„Mein Freund, der Baum“ – wer kennt noch diesen alten Schlager? Im Lied geht es nicht gut aus für den Baum: er wird gefällt. Wie leider viel zu viele Bäume, nicht nur im fernen Regenwald, sondern auch hier bei uns in Deutschland. Dabei sollten eher Bäume gepflanzt werden, denn ein Baum ist ein Klimaretter, ein CO2-Speicher, sogar eine Gesundheitskur.

Ein Stadtbaum kühlt wie 81 Kühlschränke

Mittels Blatttranspiration (Verdunstung) kühlt ein Baum seine Umgebung. So haben Wissenschaftler der TU München ermittelt, dass ein Stadtbaum jährlich die gleiche Kühlleistung wie 81 Kühlschränke erbringt, nämlich bis zu 12.000 kWh.

So können Bäume zum Klimaretter werden, in heißen Sommern schaffen sie den kühlenden Ausgleich.
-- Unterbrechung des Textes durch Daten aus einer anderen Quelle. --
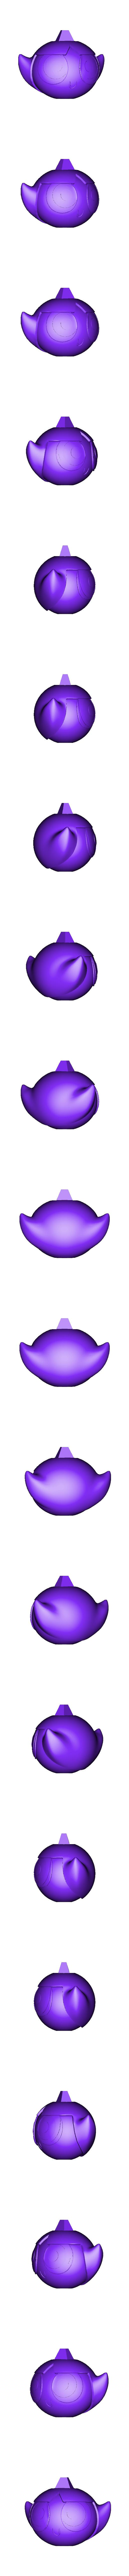 Green_Nana_-_Head.stl Télécharger fichier STL gratuit Super Nana Totem • Design imprimable en 3D, BODY3D

Ein gutes Argument für mehr Bäume in Großstädten, sowie für Konzepte zur Fassadenbegrünung!

Bäume speichern CO2 und produzieren Sauerstoff

Das lernt man im Biologieunterricht: Photosynthese, der Vorgang, bei dem mittels Licht CO2 umgewandelt wird in Glukose und Sauerstoff (vereinfacht ausgedrückt). Und genauso einfach: frei emittiertes CO2 ist der Hauptverursacher der Erderwärmung und des Klimawandels. Dabei sind nicht alle Bäume gleich effektiv … hier die Rangliste der Bäume nach ihrer CO2-Aufnahme:

  1. Buche (Rotbuche, Hainbuche, Blutbuche), Kastanie, Kirsch, Linde
  2. Eiche, Ahorn, Esche, Ulme, Robinie
  3. Kiefer (Schwarzkiefer, Waldkiefer), Lärche
  4. Fichte, Tanne (Nordmanntanne, Weißtanne), Douglasie

Alter Baum

Deswegen kann man den Baum mit Fug und Recht als Klimaretter bezeichnen. Und ein alter, gesunder und großer Baum produziert am Tag so viel Sauerstoff, dass 10 Menschen mit Atemluft versorgt werden. Deswegen ist es so schade, eigentlich schon Augenwischerei, wenn vor allem in Städten beim Fällen von großen alten Bäumen mit „Ersatzbepflanzungen“ argumentiert wird. Bis ein junger Baum die Effektivität in der CO2-Speicherung sowie Sauerstoff-Produktion erreicht hat, dauert es Jahre bis Jahrzehnte. Ziel sollte also sein, Bäume zu erhalten und zusätzlich neue zu pflanzen.

Bäume stärken das Immunsystem

Hier wirkt der Gang durch den Wald, vor allem bei einem Nadelwald, wie eine Gesundheitskur. Denn Bäume stärken durch ihre Ausdünstungen das menschliche Immunsystem. Sie verströmen verschiedene Duftstoffe, um beispielsweise als Art Kommunikationsmittel andere Bäume vor fresslustigen Tieren zu warnen. Diese botanischen Duftstoffe heißen Terpenoide.

Besonders die Terpenoide von Nadelbäumen (Kiefer, Tanne und Fichte) seien laut Wissenschaft besonders effektiv – sie töten Krebszellen ab. In Laborversuchen bildeten sich bösartige Tumore zurück, keimende Krebszellen wurden abgetötet. Derzeit wird die Wirkung auf Menschen und außerhalb von Laboren erforscht. Nach ersten Ergebnissen dieser Studie hat man nach 1 Tag Aufenthalt in einem Nadelwald (mit tief Einatmen natürlich) knapp 40 % mehr „Killerzellen“ im Blut. Das sind die Abwehrzellen des körpereigenen Immunsystems. Und nach 2 Tagen wären es sogar 100 % mehr, und dieses Niveau bleibt einen ganzen Monat lang erhalten! Also eine exponentielle Steigerung, denn der 1-Tages-Effekt hält nur eine Woche, berichtet GEO.